The president casually lied to the crowd, pointing over their heads at the cameras trained on him, saying, “They’re turning those red lights off fast. … Oh, those cameras are going off” — the message being, the media stops broadcasting him when he says something hostile to the media. This was false, of course. Arch-enemy CNN carried the whole speech; even if you’re cynical, wouldn’t you know Trump was wrong, if only because this was, on some level, free publicity for CNN?
“They’re very nervous to have me on live television,” he said. No: TV news executives are constantly trying to get Trump in front of live cameras, because they know he’ll say something — well, interesting is the polite way of putting it.

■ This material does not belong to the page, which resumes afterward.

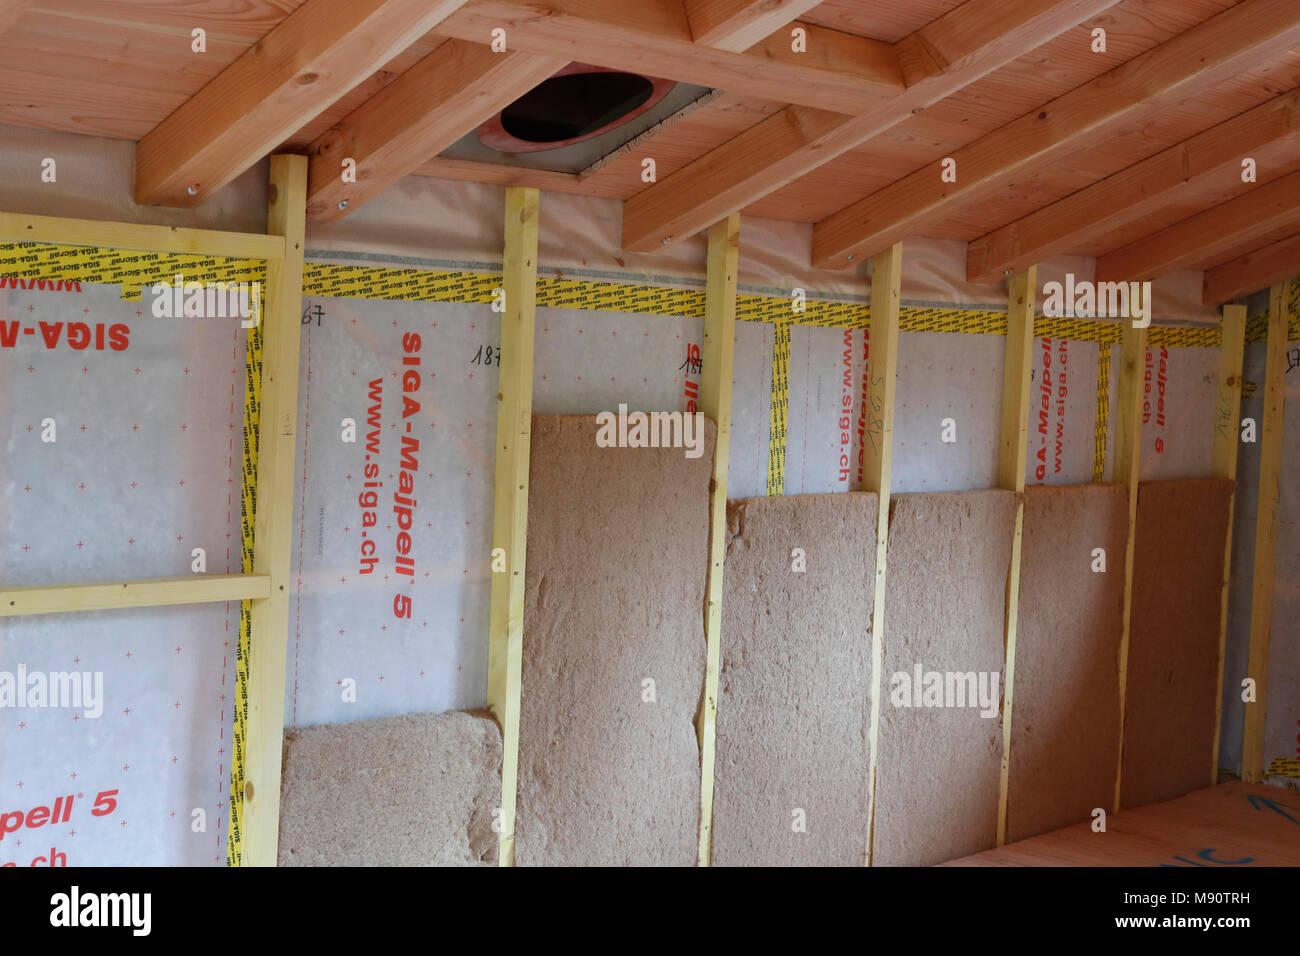 Holz- struktur von Haus im Bau. Die Isolierung. Stockbild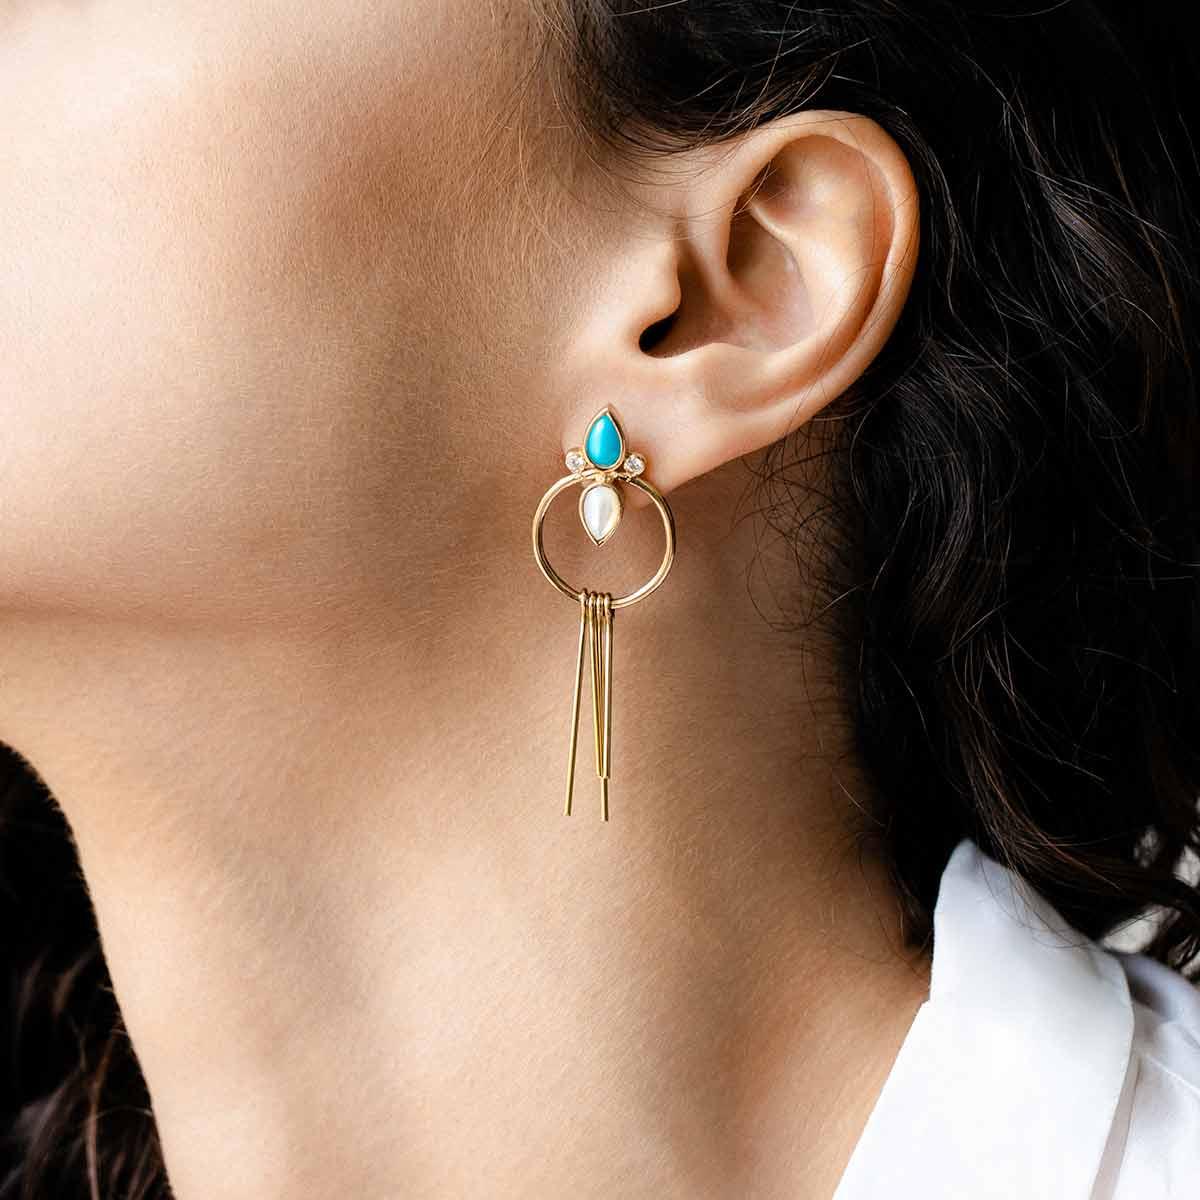 گوشواره طلا آتنا (الهه زیبایی) پرسته

Once he concluded, CNN’s Don Lemon took the bait. “A total eclipse of the facts,” was Lemon’s description of the speech. “There was no sanity there,” he said. “Unhinged.” “Madness.” “If you watched that speech, as an American, you had to be thinking, What in the world is going on? This is the person we elected?” Lemon’s hostility was nearly equal to Trump’s — indeed, sometimes the only reason Trump’s seemed worse was because he got to shout his accusations, and Lemon was stuck using his indoor voice in a CNN studio. As usual, CNN was doing itself no favors with its viewing audience by positioning Lemon as a news anchor reporting on an event while also editorializing incessantly.
Trump hurled a lot of other insults at other targets, chiefly “obstructionist” Democrats and John McCain, whom he did not name but about whom Trump bellowed over and over, “One vote, one vote” — a reference to McCain’s health care reform bill killer. But it was the media against whom he held a greater grudge. Saying he didn’t want to bore them, Trump proceeded to bore his followers by reading selected passage of his responses to the horrible events Charlottesville, whining about how the media covered him.
A lot of people continue to buy into the notion that no news source other than Fox News covers Trump accurately, and Trump was slavish in his praise on Tuesday. Fox is “very fair” to him; Fox & Friends is “the best show in the morning,” and Sean Hannity — well, “How about that Hannity? Great guy.” Trump’s businessman view of the press — it’s great when they’re positive, they’re bums when they’re skeptical — just keeps eroding public trust. Soon after Trump concluded, the writer Tom Carson tweeted, “You young people will never know what a beautiful country this was before Trump came along.” The president of the United States’ words on Tuesday just made the country a little uglier.